Brownian motion and Holder-$\frac{1}{2}$-continuity

Question

Let B be a Brownian motion. For every $K>0$, we have

$$
P[\inf \left \{ t>0: B_t\geq K t^{1/2} \right \} =0]=1 \quad\quad\quad(1)
$$

To prove this in Example 21.16 of Probability Theory (3rd version) A. Klenke defines $A_s:=\bigl\{\inf \left\{t>0: B_t\geq Kt^{1/2}\right\}\leq s\bigr\}$ and $A:=\bigl\{\inf \left\{t>0: B_t\geq Kt^{1/2}\right\}=0\bigr\}$ and, using the Blumenthal's 0-1 law, concludes that:

$$
P[A]=\inf_{s>0} P[A_s]\geq P[B_1\geq K]>0
$$

My questions:

1. Why is $\inf_{s>0} P[A_s]\geq P[B_1\geq K]$?
2. In a remark, the author states that this whole example shows that, for every $t\geq0$, almost surely $B$ is not Holder-$\frac{1}{2}$-continuos at $t$. How can I see it? I really struggle at this.
3. How can I interpret (1)?

Please, let me know if more context is needed.

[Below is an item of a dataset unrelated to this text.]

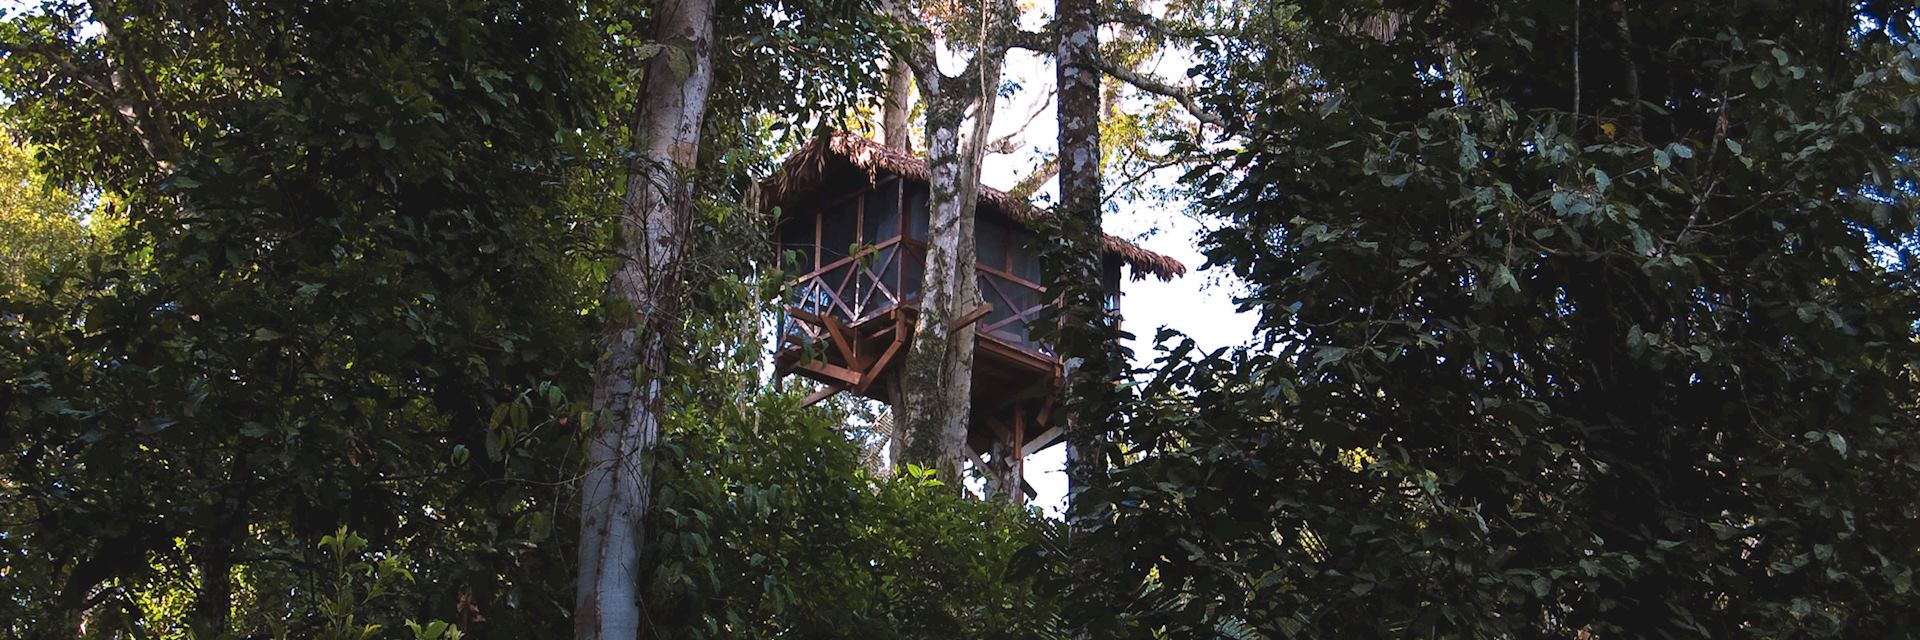 Canopy Tree house, Reserva Amazonica
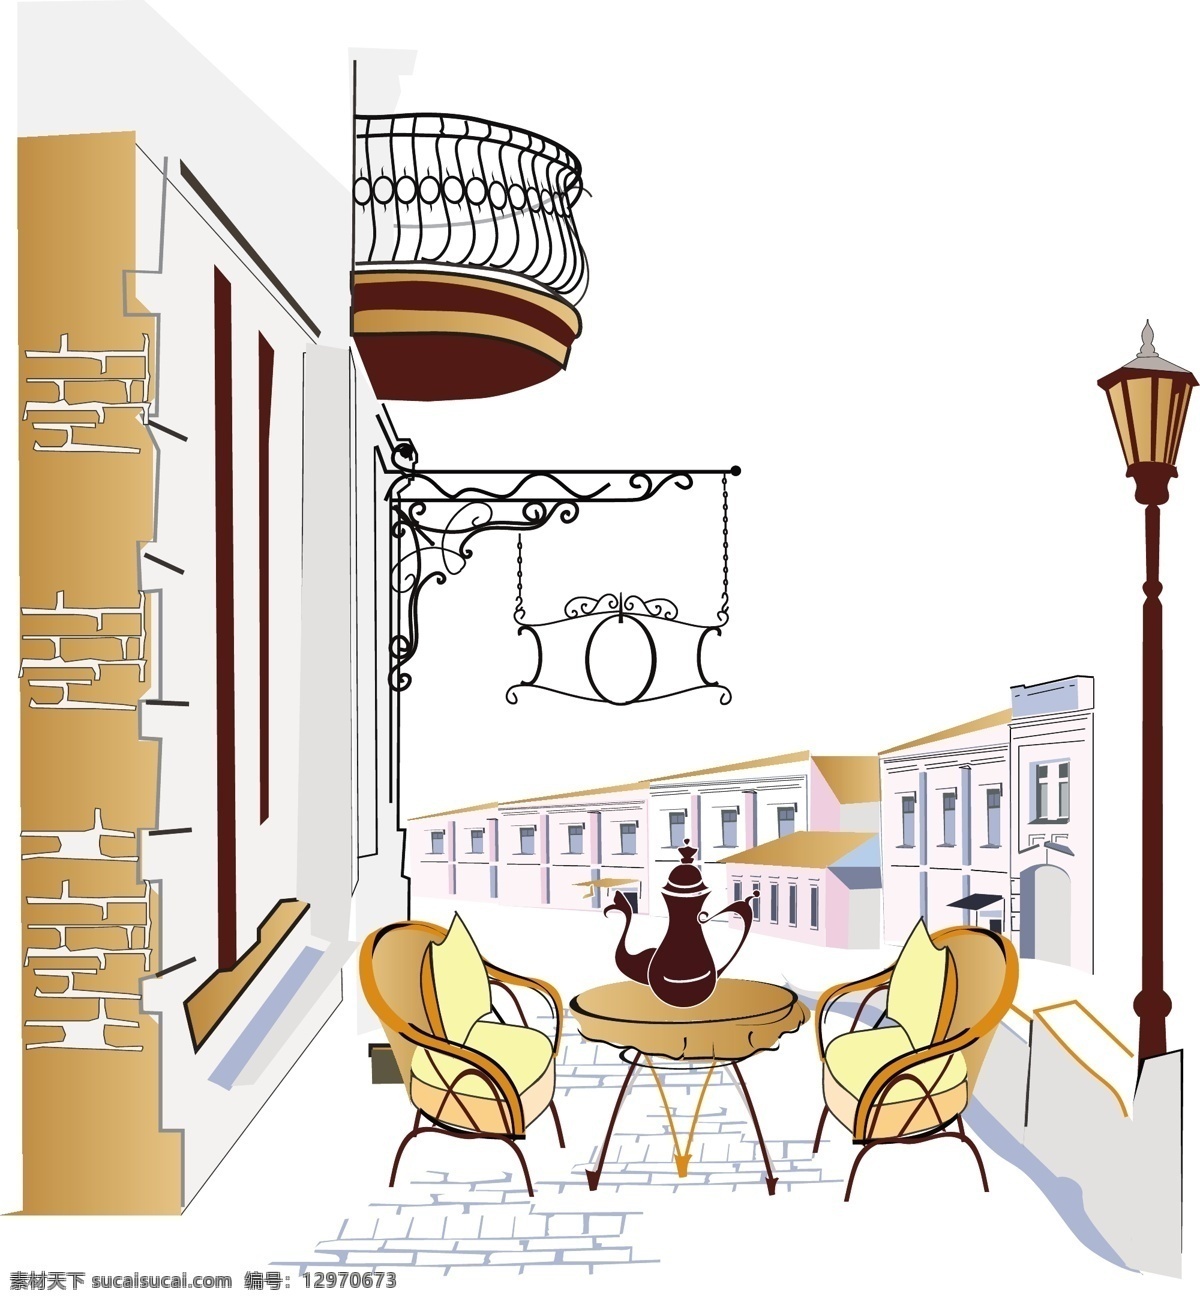 路边 咖啡 座 矢量 标签 灯光 建筑 街道 咖啡机 卡通 书桌 休闲 阳台 砖墙 椅子 咖啡座 illustrator 座椅 矢量图 矢量人物

Thanks for the help.

Answer 1

1. Fix $0<r<s$ and observe that $ \{B_r\geq Kr^{1/2}\}\subset A_s$ by definition of the latter. This implies that $$\mathbb{P}(A_s) \geq \mathbb{P}(B_r \geq Kr^{1/2}) = \mathbb{P}(B_1\geq K),$$ where the last equality is due to Brownian scaling (that is, $B_r/r^{1/2}$ has the same distribution as $B_1$).
2. Recall that a function $f\colon I \to \mathbb{R}$ is Holder-continuous with exponent $1/2$ if there exists a constant $K>0$ (which I call Holder coefficient and it can always be taken to be an integer) such that $$|f(t)-f(s)|\leq K|t-s|^{1/2} \tag{2}.$$ For every integer $K\geq 1$, set $$C_K = \left\{\inf\{t>0\colon \, B_t \geq Kt^{1/2}\}=0\right\}.$$ You just showed that every $C_K$ has probability $1$. Thus, their intersection $C = \bigcap_{K\geq 1}C_K$ also has probability $1$. But what does it mean for $\omega \in \Omega$ to lie in $C$? If $\omega \in C$, then by definition, for every $K\geq 1$, we have $$\inf\{t>0\colon \, B_t(\omega) \geq Kt^{1/2}\}=0.$$ This infimum being equal to $0$ means that for any interval $[0,\epsilon]$, no matter how small $\epsilon >0$ is, you can find $t\in [0,\epsilon]$ such that $B_t(\omega) \geq K t^{1/2}$. This contradicts $(2)$ with $s=0$, implying that $B_{.}(\omega)$ is not Holder-continuous with exponent $1/2$ and coefficient $K$ on any interval containing $0$. Finally, since this holds for every $K\geq 1$, $B_{.}(\omega)$ cannot be Holder-continuous with exponent $1/2$ on any interval containing $0$.
3. The answer to your last question is above. To be more explicit, $(1)$ means that the event $C_K$ has probability $1$, that is almost surely, $B_t/t^{1/2}$ will exceed level $K$ "instantly".